A few more photos of the model Armstrong RML cannon. Close ups which are useful to me, because they show up defects in the finish which need attention before painting.

Makers mark (mine) to be added to the recoil tube cap. And rubber washer to the bumpers.
Screws and bolts to be replaced with rivets
Metal polishing required for the muzzle
Oil holes for the shaft bearings, and replace the wonky rivets
File and finish the trunnion cap keys
finishing and polishing the loader cradle.
ditto more finishing.
Attach the left side buffers. And make chassis wheel axles. Those M5 hex screws are wrong.
Distance hides a multitude of faults

Sights Set On Completion

Today the gunners’ platform at the rear of the chassis was completed and fitted. It has vertical handles at each side, presumably for the gunners to steady themselves, while aiming the cannon.

The platform, ready to be attached to the chassis. The wood here is Australian Jarrah. The handles are stainless steel, discoloured from silver soldering them to the side brackets. They will eventually be painted. ps. a day later I decided that the fasteners were too big, so I have replaced them with something more appropriate. Pics later.
The platform in position. This photo shows up my first efforts at riveting. Some of those rivets will be replaced when everything is disassembled prior to painting. Those brass nuts holding the wooden boards are too big and will be replaced also.

So, just 2 more parts to be made for this model cannon. Those are the sights.

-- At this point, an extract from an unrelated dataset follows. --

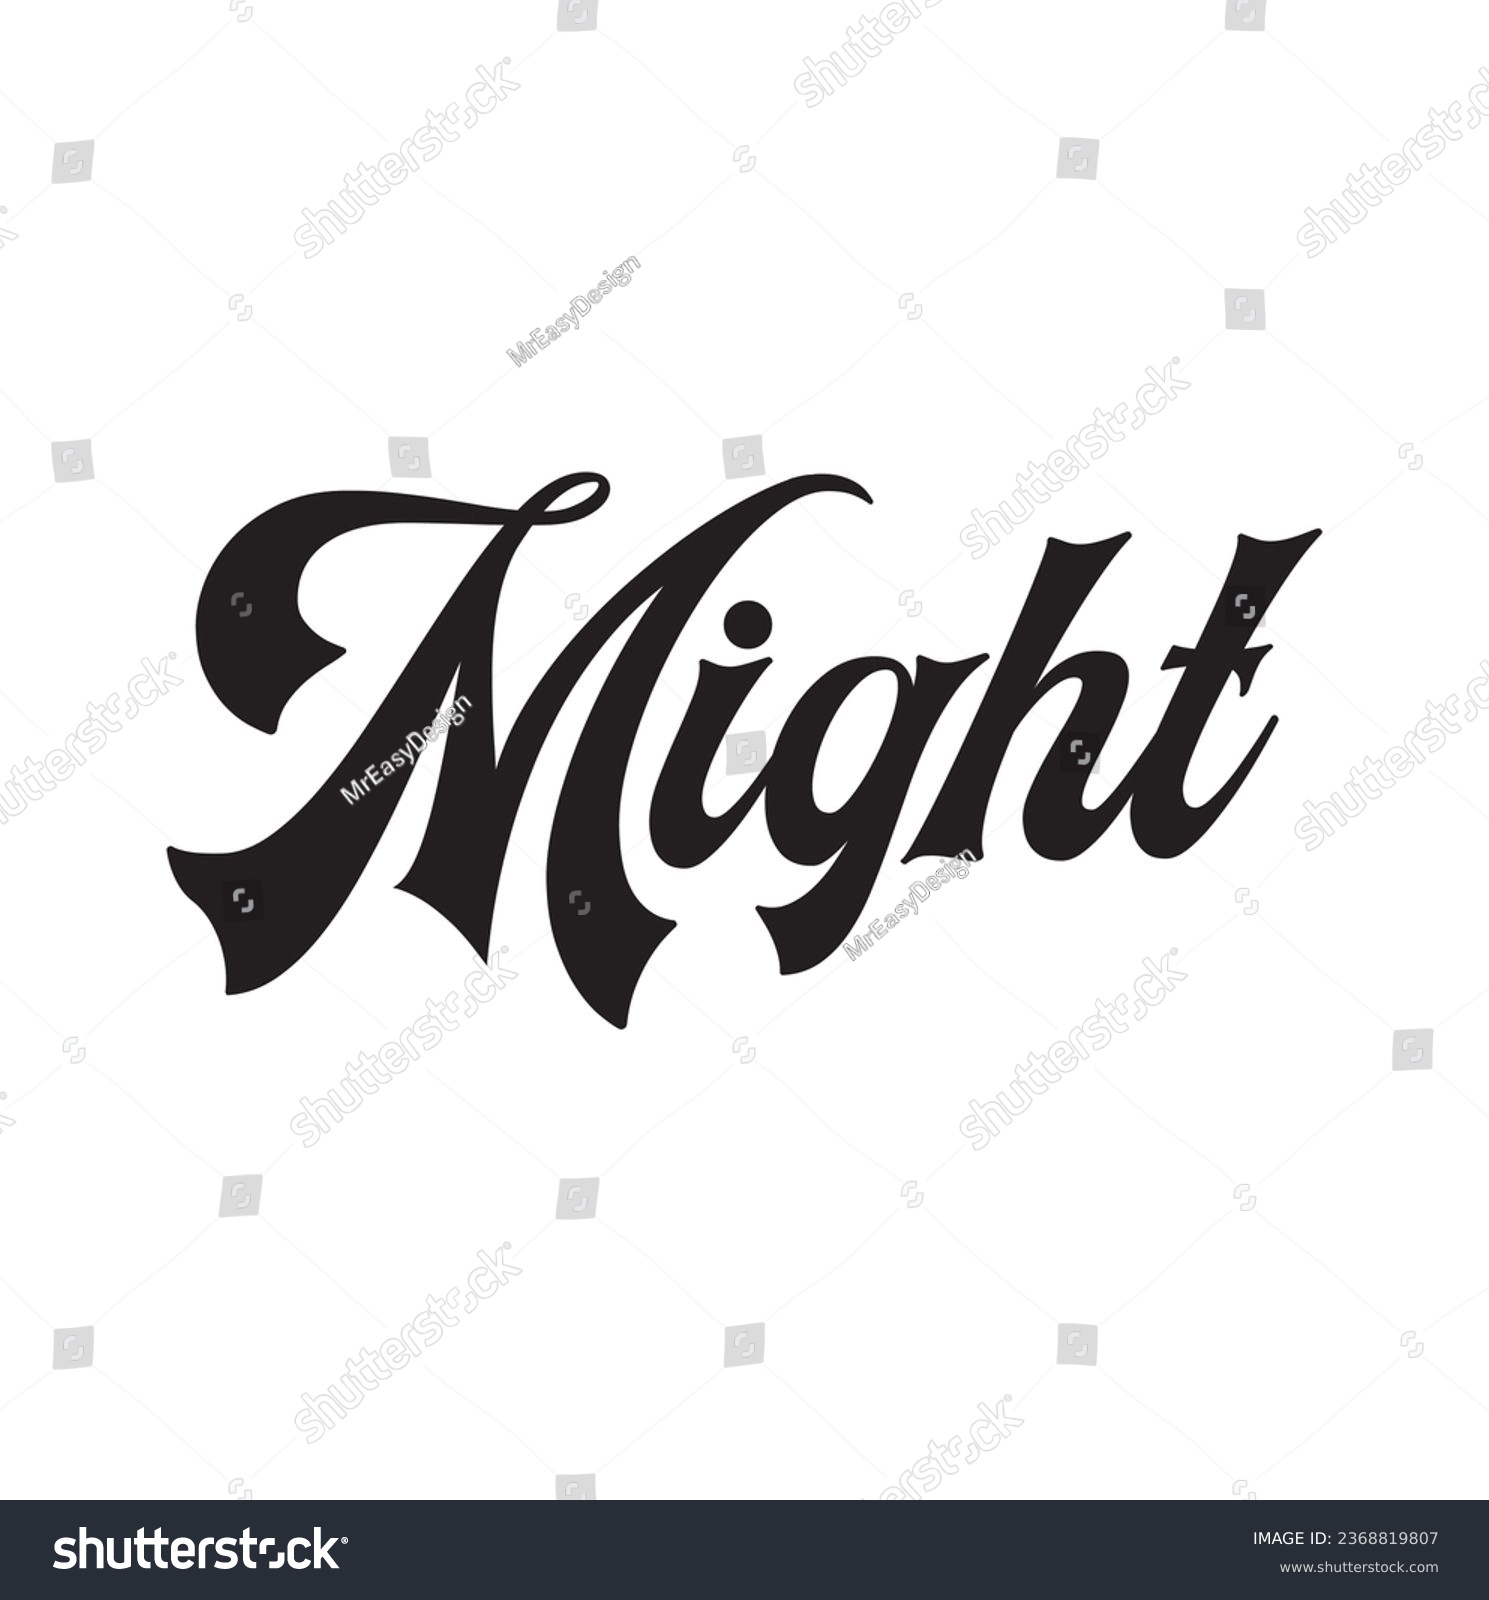 SVG of might text on white background. svg

The information which I have to base the sights on is a bit sketchy. But I do have photos showing these cylindrical holes in the Port Fairy cannons….

The sights are placed in the holes in the right hand trunnion shoulder, and in the breech.

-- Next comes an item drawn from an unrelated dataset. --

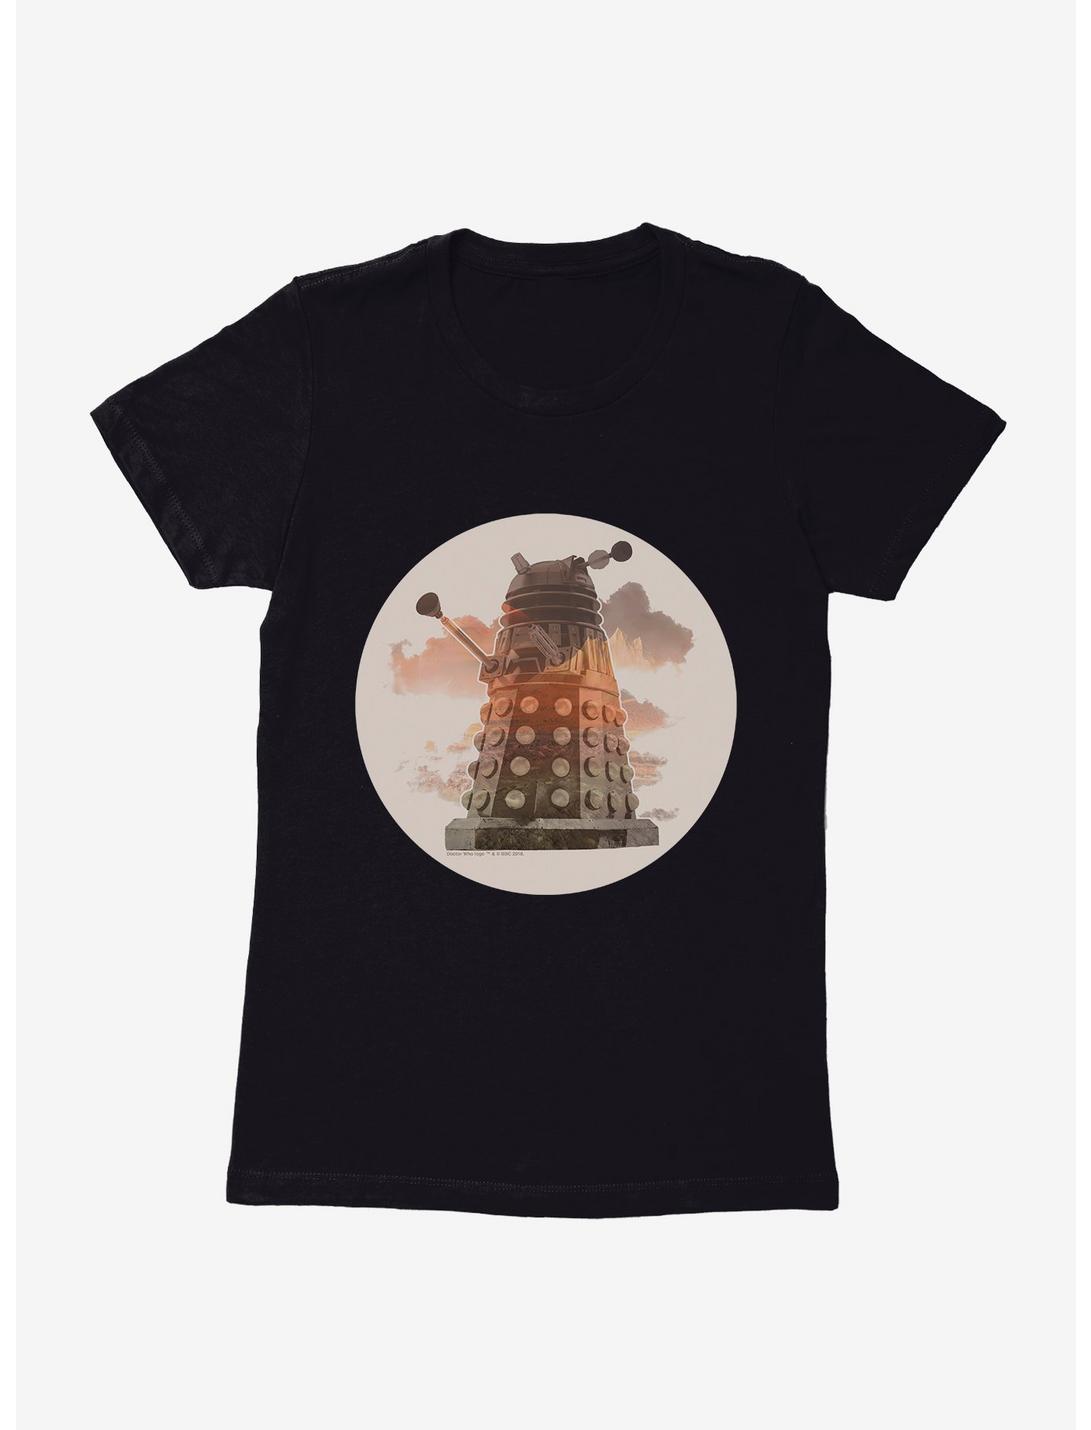 Doctor Who Dalek In The Clouds Womens T-Shirt, BLACK, hi-res

After extensive searching I found several books which were published in the 19th century. This is the best diagram which I found of the rear sight. It is calibrated vertically up to 3600 yards, and there are lateral adjustments to take into account speed of movement of the enemy. The sight is angled at 2+º to the left to compensate for the rifling, which causes the projectile to deviate to the right. The front sight is located in a relatively shallow cylindrical hole. The front sight is a fairly simple point.

Fitting the Loader.

The bracket is now bolted to the chassis. The arm is stainless steel, and the top bracket is silver soldered to the arm. The loader cradle is bolted to the top bracket, the angle being determined with a neat fitting rod inside the bore. The rod looks interesting, no? I will turn up a projectile to sit there.

Then I fitted the bracket which restrains the movements of the elevation gear lock-release…

This is the “locked” position. The handle drops into a recess. The bracket looks a little rough in this magnified view. A bit more filing and sanding required. A simple curved piece encloses the handle. I will make and fit that tomorrow.

So those are the last major parts to be fitted to the cannon. Oops. I forgot. I need to make the aiming sights, and bore the holes in the barrel to hold them. None of the cannons which I have inspected have exisiting sights, presumably stolen-souvenired, but some 19th century publications have good diagrams which I will be able use to make scaled versions.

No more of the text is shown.